Subnational legislation and actions can place limits on the Biden administration by either spoiling relations and negotiations between the United States and China or by forcing the Biden administration to take a specific approach to China. Meanwhile, state and local jurisdictions feel excited and empowered to act on these issues while they lack the experience and knowledge to do so tactfully. Regardless, subnational entities will continue to seek action.

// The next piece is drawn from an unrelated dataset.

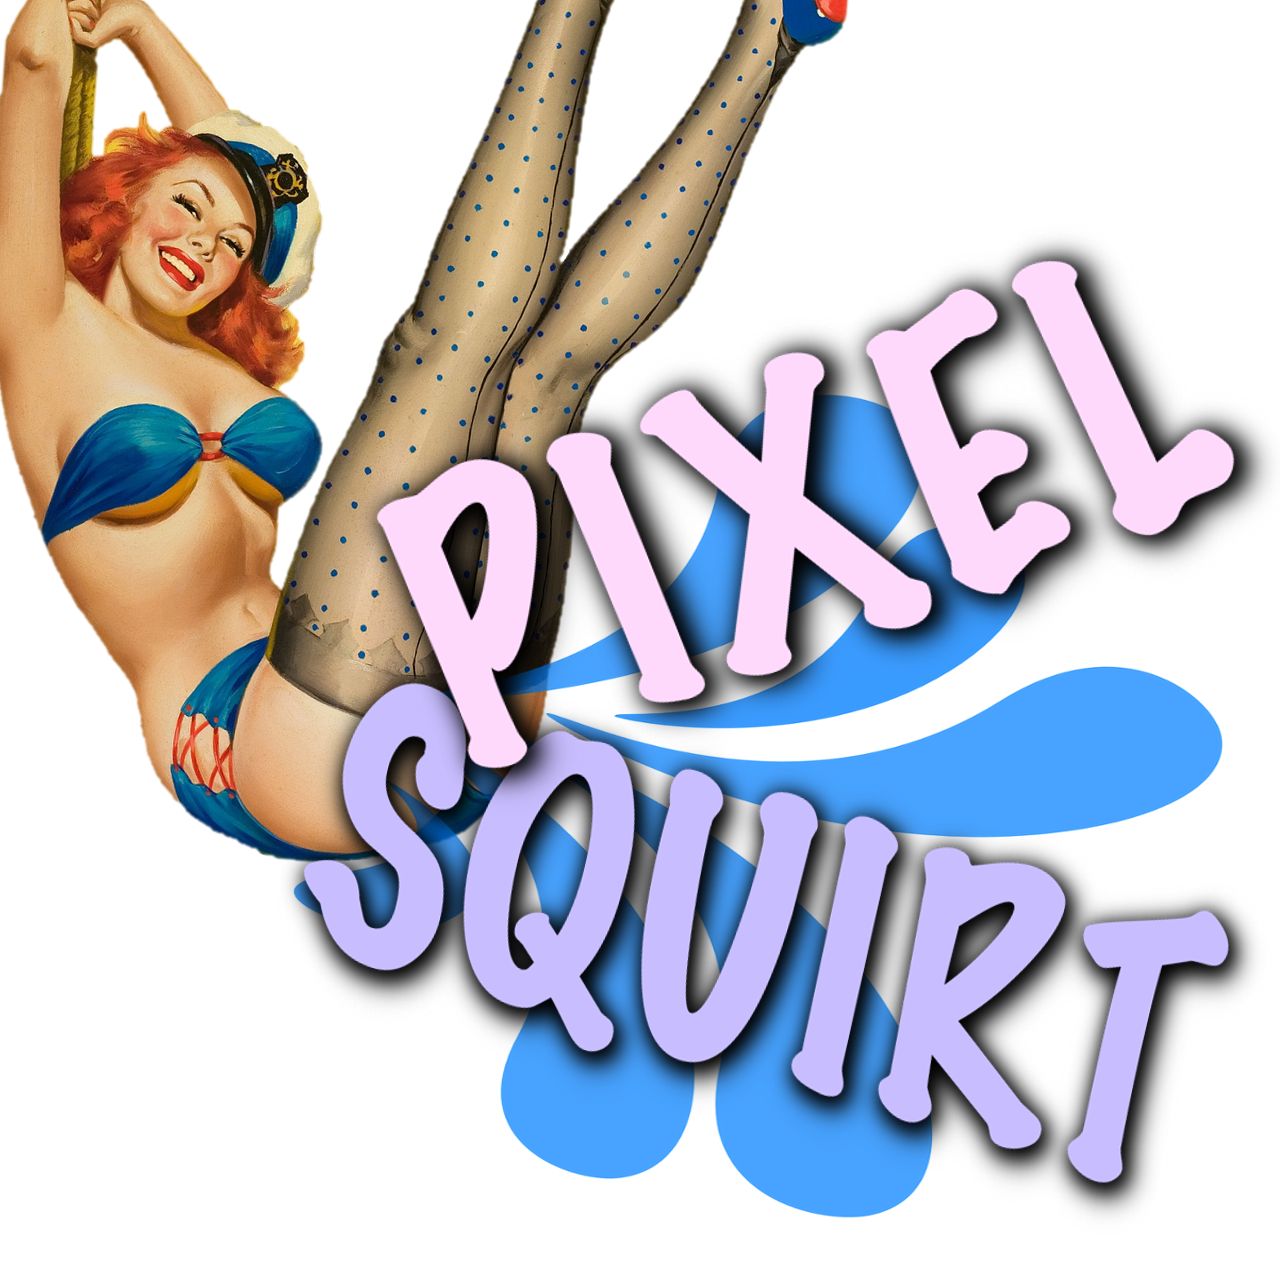 The S. reccomend pixel squirt episode blue

Rather than seeking to stifle their voices, the Biden administration should reach out to state-level legislatures to hear their China priorities. This can be easily done by ensuring the State Department has a presence in the United States’ state and territory capitol buildings to advise state, territory, tribal, and local officials on foreign-policy-related matters. If China’s rise is the United States’ greatest geopolitical test of the 21st century, the federal government can lessen that burden by enlisting the assistance of state and local governments across the country.